Un susurrante movimiento a su izquierda entre los árboles, lo indujo a apartarse sobresaltado de sus meditaciones. Algo vagamente pálido se movía a su lado en la oscuridad. Oyó el apagado tintineo de una embocadura y una brida de caballo. Un caballo vagando sin jinete, pero ensillado y embridado, pues los leves sonidos metálicos se oían con toda claridad. No iba sin jinete cuando salió de la cuadra. Bajo la luz de la luna que se filtraba a través de las ramas, la pálida figura parecía acercarse al sendero. Cadfael había visto su claro pelaje roano aquella misma tarde en el gran patio de la abadía.

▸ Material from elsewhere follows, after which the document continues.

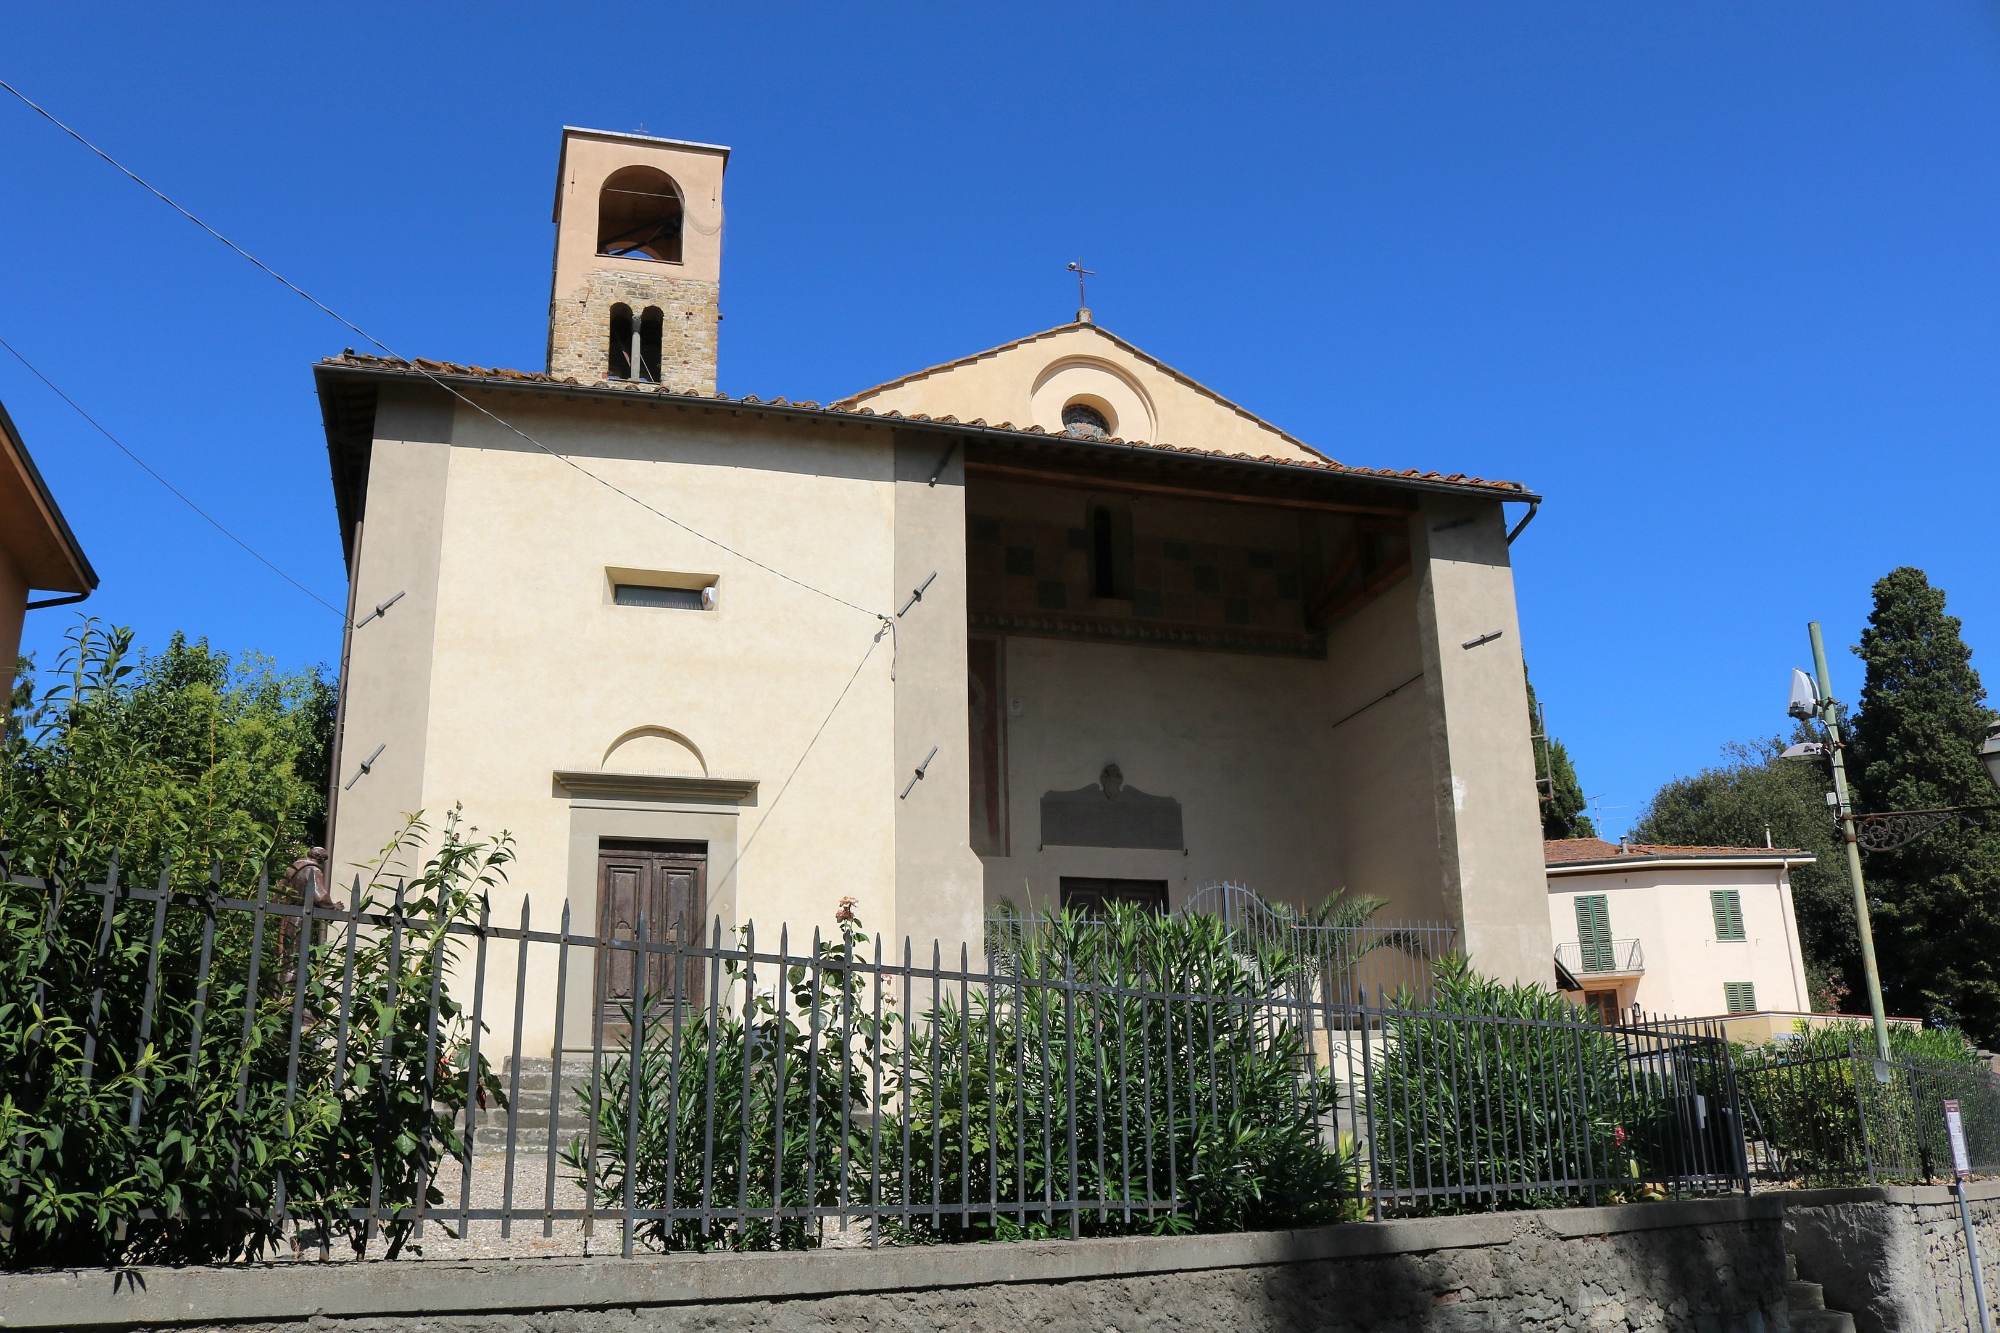 Parish church of St. Lorenzo in Signa

Desmontó a toda prisa, llamó a la bestia y se adelantó para asir la aflojada brida y acariciar con la mano la moteada frente. La silla estaba todavía en su sitio, pero las correas que sujetaban una pequeña bolsa en la parte posterior de la silla habían sido cortadas. ¿Dónde estaba el jinete? ¿Y por qué había vuelto a salir tras regresar con las manos vacías al término de una jornada de caza? ¿Acaso alguien le había facilitado algún dato que lo había inducido a salir de nuevo en pos de su presa a aquella hora de la noche?

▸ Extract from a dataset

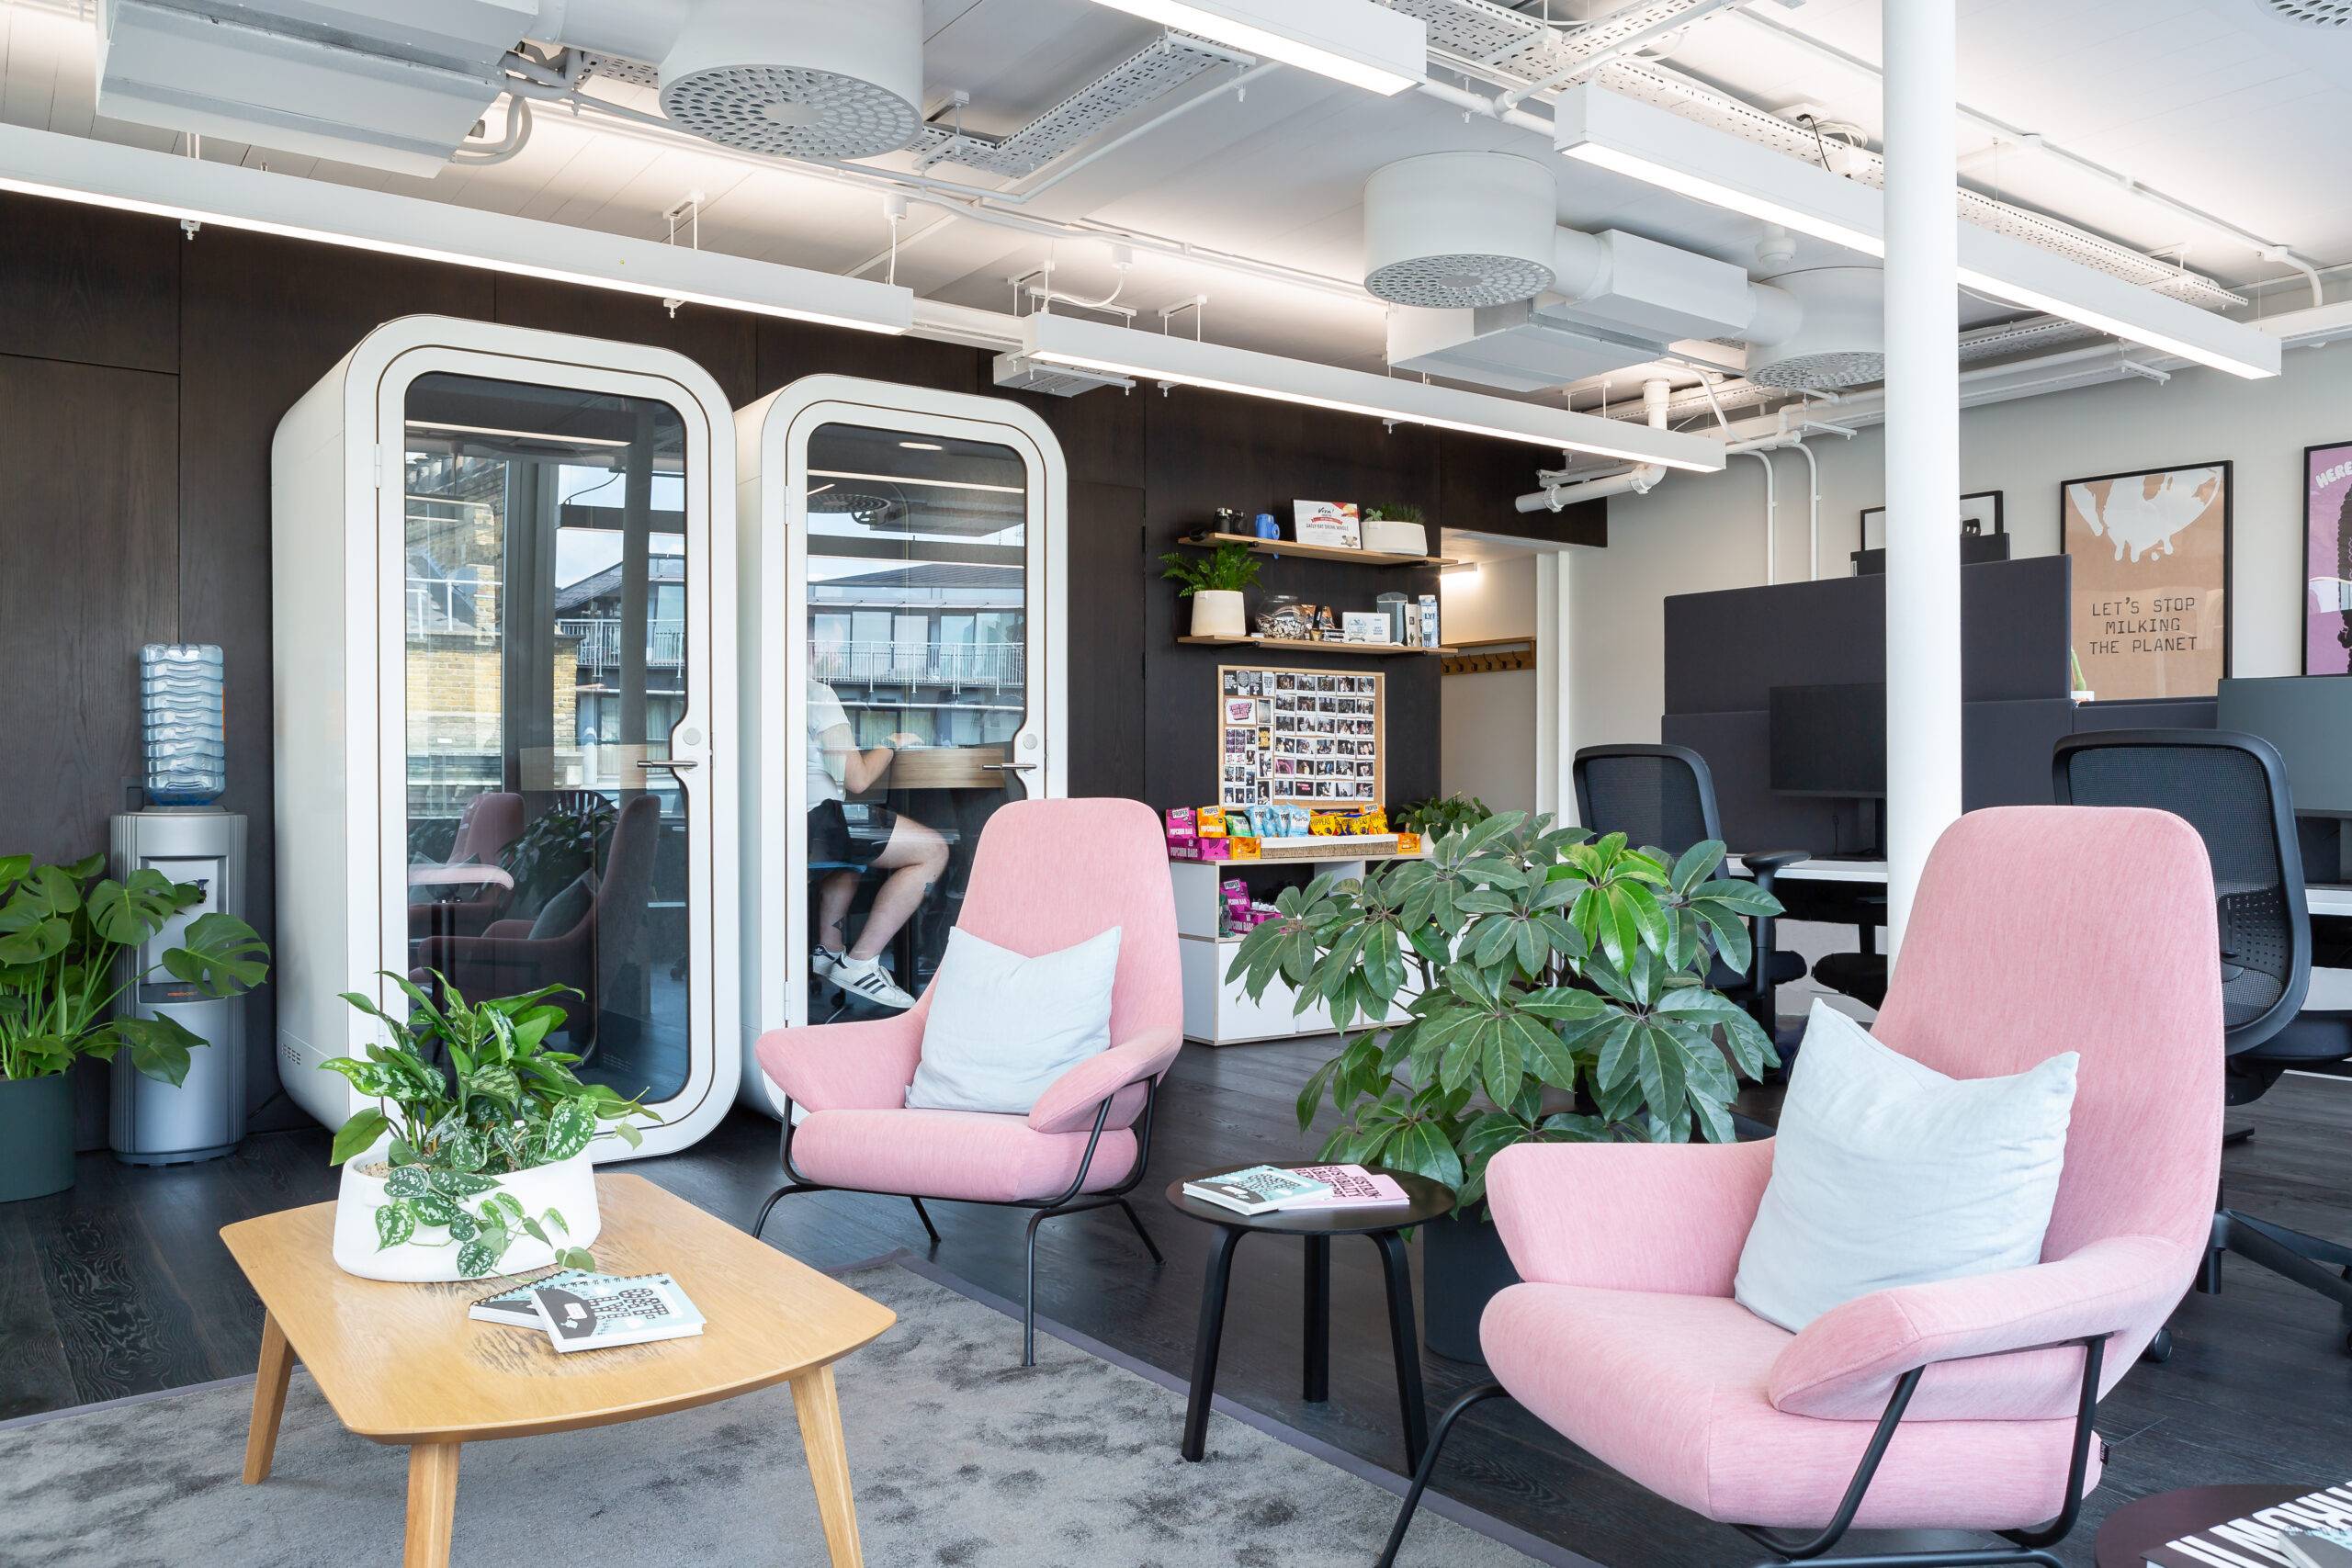 Want a Gen Z workforce? Design an office that wows on Instagram

Cadfael apartó los arbustos y penetró en el lugar donde por primera vez había vislumbrado el movimiento de la pálida forma. Allí no se observaba la menor alteración ni parecía que nadie se hubiera abierto paso entre la maraña de ramas. Retrocedió un poco para regresar al sendero, y allí, bajo los arbustos sobre la hierba y tan escondido que había pasado por su lado sin verlo, encontró lo que temía encontrar. Drogo Bosiet yacía boca abajo sobre la crecida hierba otoñal y, a pesar del oscuro color de su atuendo, Cadfael pudo distinguir una mancha más oscura de sangre bajo la paletilla izquierda donde la daga que lo había matado se había clavado y retirado.